ToliV
Tinder est une application addictive et fastidieuse à utiliser. J'ai donc décidé d'essayer d'automatiser son utilisation tout en testant mes compétences en Python.
Le Défi
Quantifier les préférences de l'utilisateur pour connaître la probabilité qu'il(elle) "swipe" à droite ou à gauche et ainsi obtenir un score pour chaque personne proposée par l'application.
Quantification du score "d'attractivité"
L'idée part du fait que des modèles de vectorisation d'images tels que CLIP (Contrastive Language–Image Pre-training) permettent d'associer des images à des coordonnées spécifiques dans un espace à 512 dimensions. C'est-à-dire que 2 images sémantiquement proches seront également dimensionnellement rapprochées.
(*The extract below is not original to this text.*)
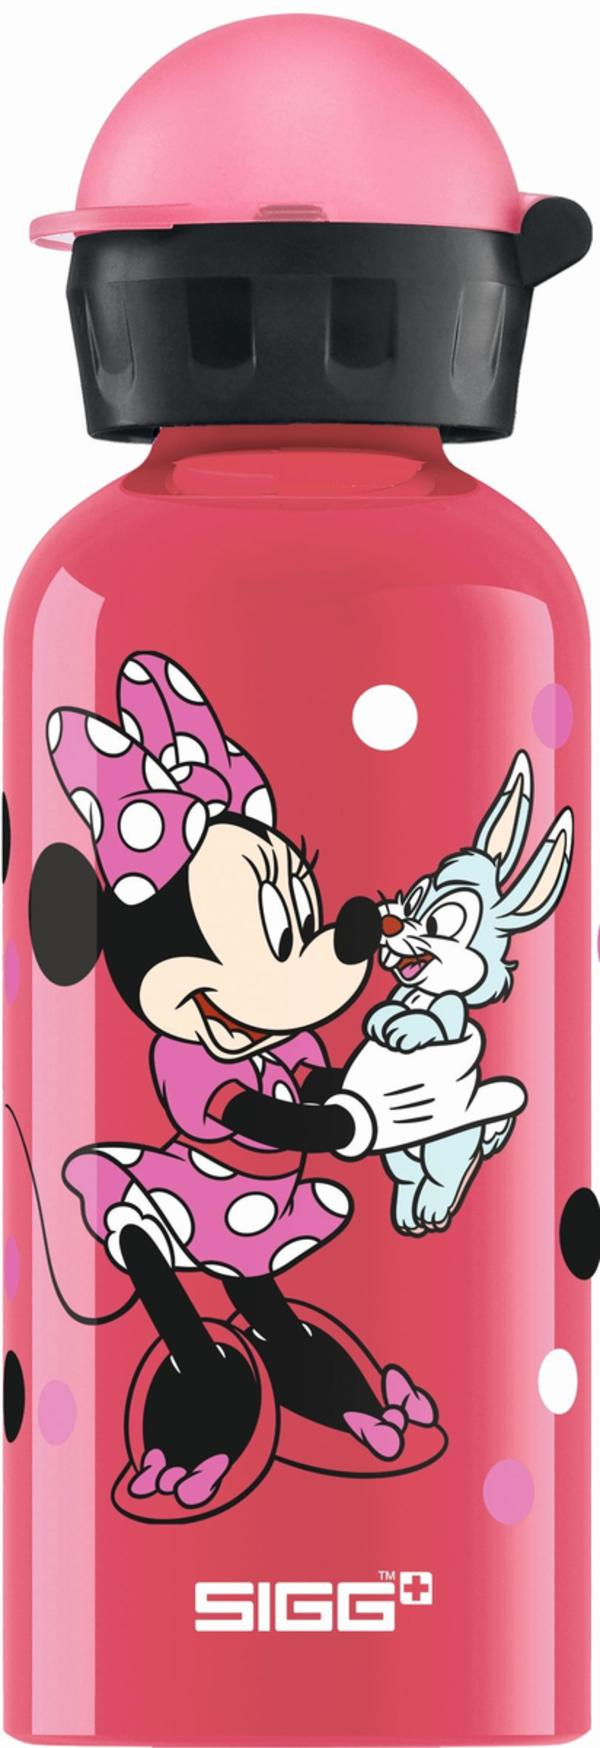 SIGG Trinkflasche Kids Alu Minnie Mouse 0.4

Partant de ce principe, on peut établir la moyenne de ce que représente une personne "attractive" et comparer cette moyenne à des photos pour établir un "score" qui définit la probabilité qu'un utilisateur "swipe" à droite ou à gauche.
Bien évidemment, cette approche est naïve et il existe des moyens plus complexes permettant de meilleurs résultats
Lecture de l'interface
Étant donné que j'utilise le mirroring de l'écran d'un téléphone portable vers un ordinateur, pyautogui est utilisé pour chercher l'état de l'interface. De plus opencv est utilisé pour détecter les publicités et tesseract pour lire les données affichées par l'application.
Implémentation actuelle
A l’issue de 2 semaines de programmation et ~800 lignes de python, le programme peut prévoir la décision de l'utilisateur 68% du temps, cela peut être optimisé en modifiant le calcul du score.
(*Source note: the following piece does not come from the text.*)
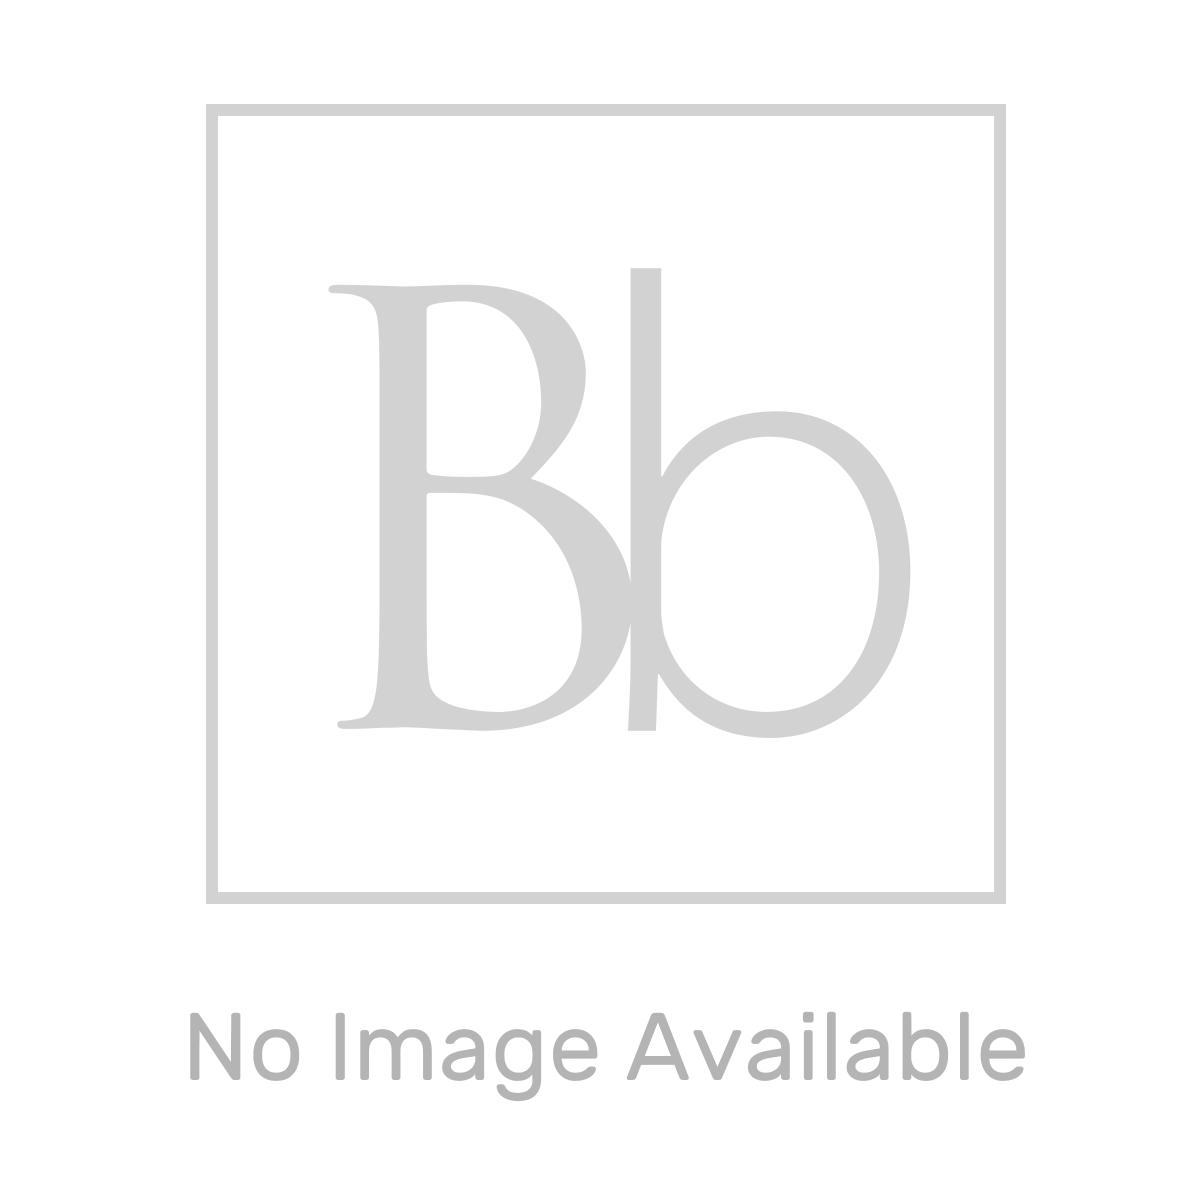 Aquadart Venturi 6 4 Fold Bath Shower Screen Dimensions

platform = UxPlay(detect="YOLO", encoder="CLIP", score="weighted_cosine")
while platform.session_is_live():
frame = platform.capture_screen(); profile = tesseract(frame)
g_view, b_view, f_view = platform.extract(frame, "cascade_detection")
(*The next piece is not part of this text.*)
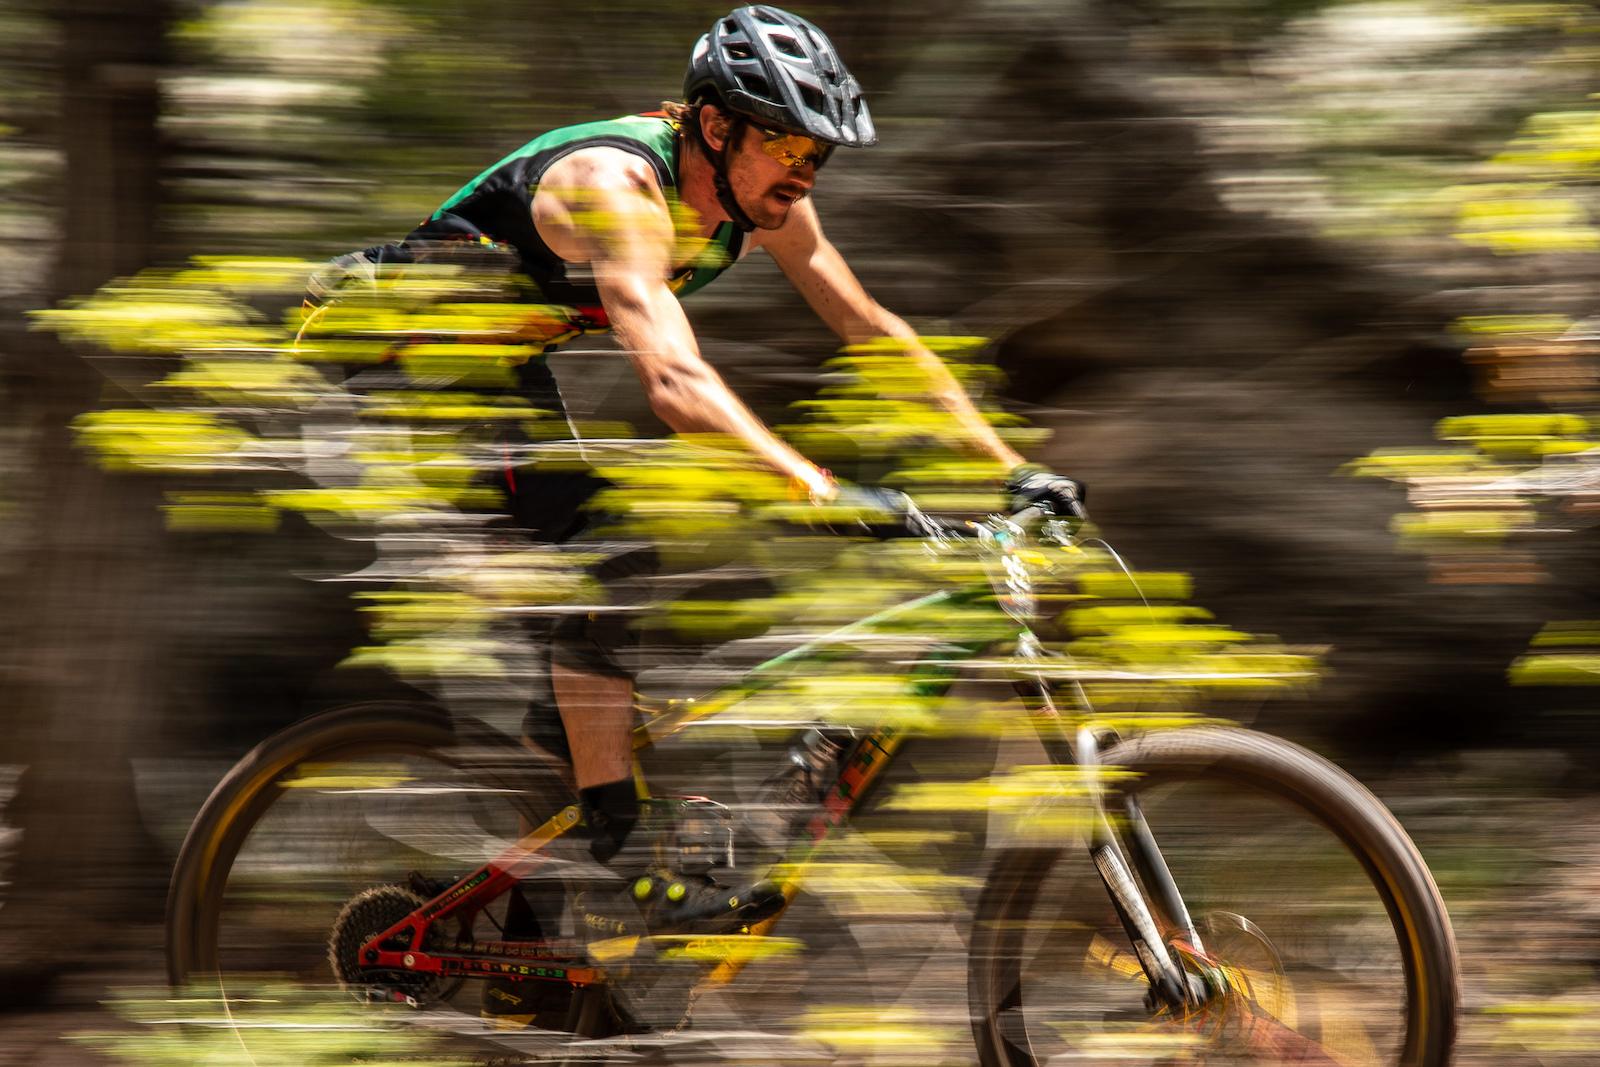 EddieClarkMedia - Adam Procise 2019 Big Mountain Enduro Santa Fe NM

emb_top, emb_body, emb_face = platform.encode_features([g_view, b_view, f_view])
if user.swipe(profile):
platform_embed.append(profile)
s_global = platform.similarity(emb_top, platform.preference("global"))
s_body = platform.similarity(emb_body, platform.preference("body"))
s_face = platform.similarity(emb_face, platform.preference_center("face"))
b_score = 0.15 * s_global + 0.35 * s_body + 0.50 * s_face
platform.push_feedback(profile, b_score,"confidence")
Bien qu'il n'ait pas de réelle utilité, ce projet m'a permis d'approfondir mes connaissances dans le domaine de l'IA et de l'embedding.